Themes based on user story data needs.

* The examples provided are not real requirements, but are illustrative of the requests provided in the user stories.

Theme	Detail	CDD page	Examples*
1. Find something specific	Similar to search queries: define several parameters and be presented with data that fulfils them.	Locate	‘I want to know which institutions hold collections of type x' 'I want to know which institutions hold both DNA and dried collections'
2. Compare institutional collections	More exploratory: investigate the data in a way that highlights the strengths and weaknesses of a particular collection or group of collections when compared to another collection or group of collections	Compare	‘I want to see what's unique about my collection in the context of the rest of the DiSSCo partners' 'I want to see which institution has the largest digital collection in my country'
3. See an aggregated view of DiSSCo collections	Priority is on a view of the data at a combined/consortial collection, not institutional: Used to identify high-level areas of weakness/strength and to provide collection stats suitable for use at the policy/national/continental level.	Overview	‘I want to be able to identify gaps across DiSSCo digital collections, so I can prioritise/fund digitisation more effectively' 'I want to be able to showcase/provide summary status for Natural History collections at the European level'
4. See collection details for a single institution	Single-institution profile view only: suitable for embedding on an institutional website or as a profile within CETAF, GBIF etc.	Overview	‘I want to know what each institution holds so I can market my product/service to them' 'I want to be able to easily share high-level information about my institution's collection to media/policy-makers'
5. Non-functional requirements	Requirements that focus on how the dashboard should work, not what it does. Can include security, accessibility, speed etc.	All	‘I want the data to be up-to-date' 'I want the dashboard to be accessible to people with visual impairments'

All partners were asked to prioritise the 22 user stories by using the MoSCoW scoring method (M = Must have, S = Should Have, C = Could Have, W = Will not have currently) (Clegg and Barker 1994). The 'Must Haves' and 'Should Haves' included the ability for the user to find something specific, for example, the size of a certain collection, a collection of a certain taxonomic category and storage category or from a particular geographic region. It also included the ability for institutions to showcase the strengths of their collections and to visually gather information on the overall 'state-of-the-art' of DiSSCo partner collections. Another need was to compare collections within institutions (i.e. digitisation status and size) and across different institutions. Finally, it was essential for the dashboard to be intuitive and user-friendly.

Phase 2: Prototyping

An agile approach was adopted for building the CDD, carried out by NHM. Each week during the last couple of months of the project, a new version of the CDD was released and stakeholders were asked to provide feedback by the end of the week.

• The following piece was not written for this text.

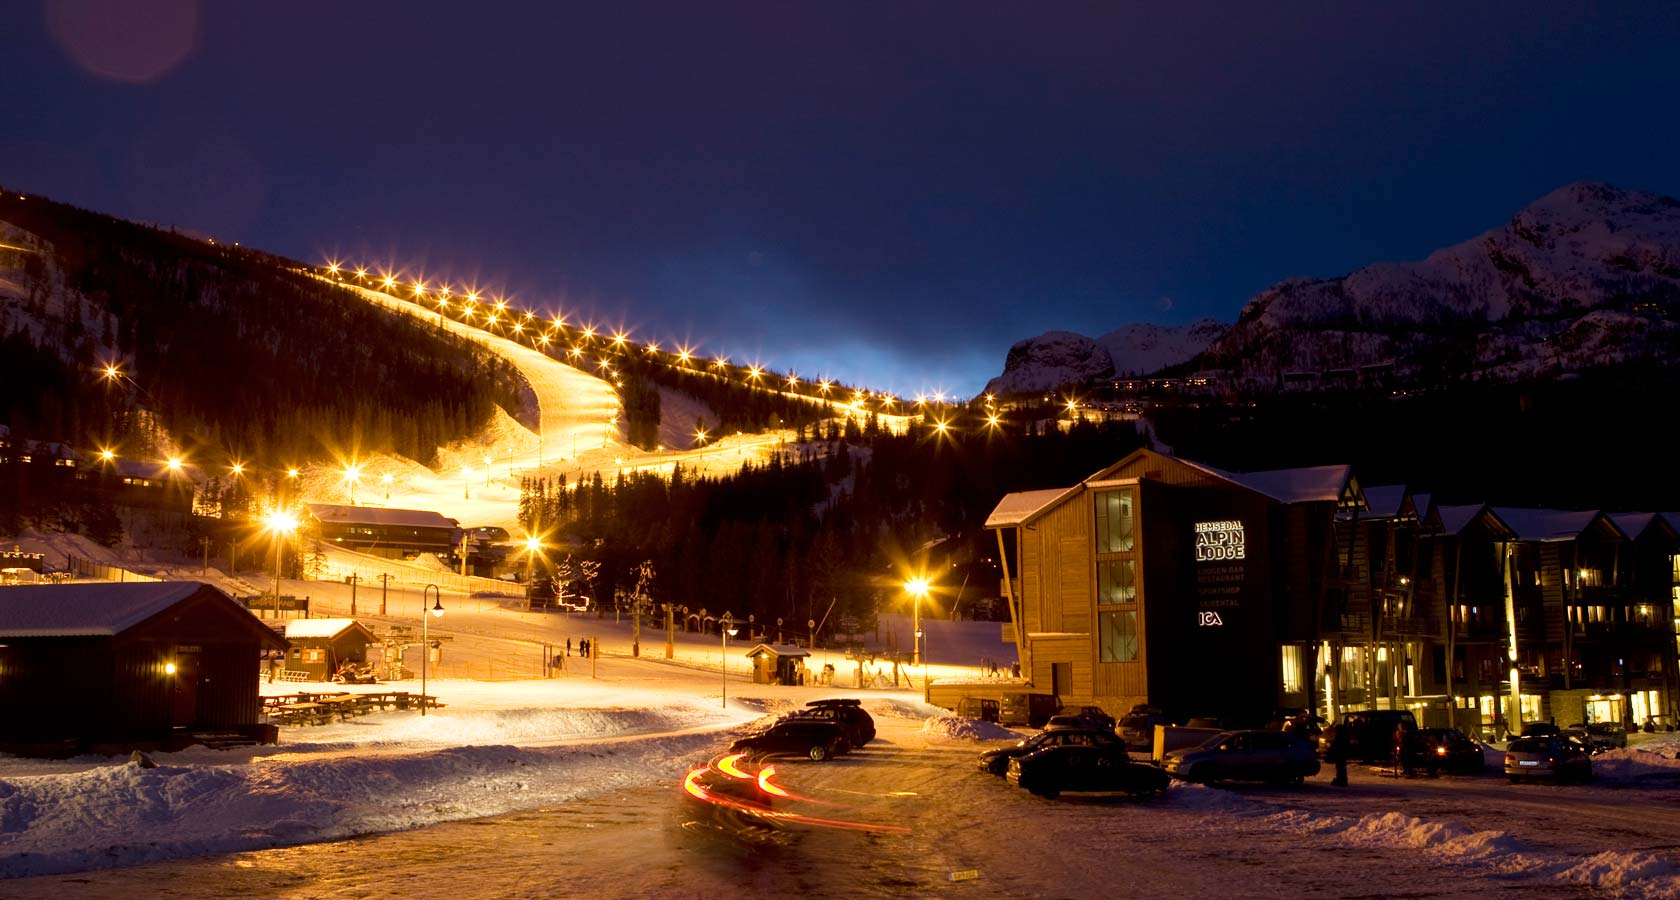 Alpine-village-night.jpg

Amendments were then incorporated in the next version, wherever possible. A static view of the dashboard was used in early versions to focus the feedback on the CDD structure and relevance of visualisations used for particular elements of the data, rather than dashboard interactivity and metrics. The fourth version was shared as a live dashboard in order to conduct a user-acceptance test of interactive elements and check performance and display across different systems.

After the structure and content of the CDD had been fine-tuned during the prototyping phase, non-functional requirements were reviewed and changes applied to the dashboard where needed. This process entailed a further three versions of the CDD and they focused on incremental improvements to the user experience (e.g. formatting, performance and accessibility).

Pilot Dashboard

The live and interactive SYNTHESYS+ Pilot CDD is published online: Collections Digitisation Dashboard. The licence applied is Creative commons Attribution licence (CC-BY).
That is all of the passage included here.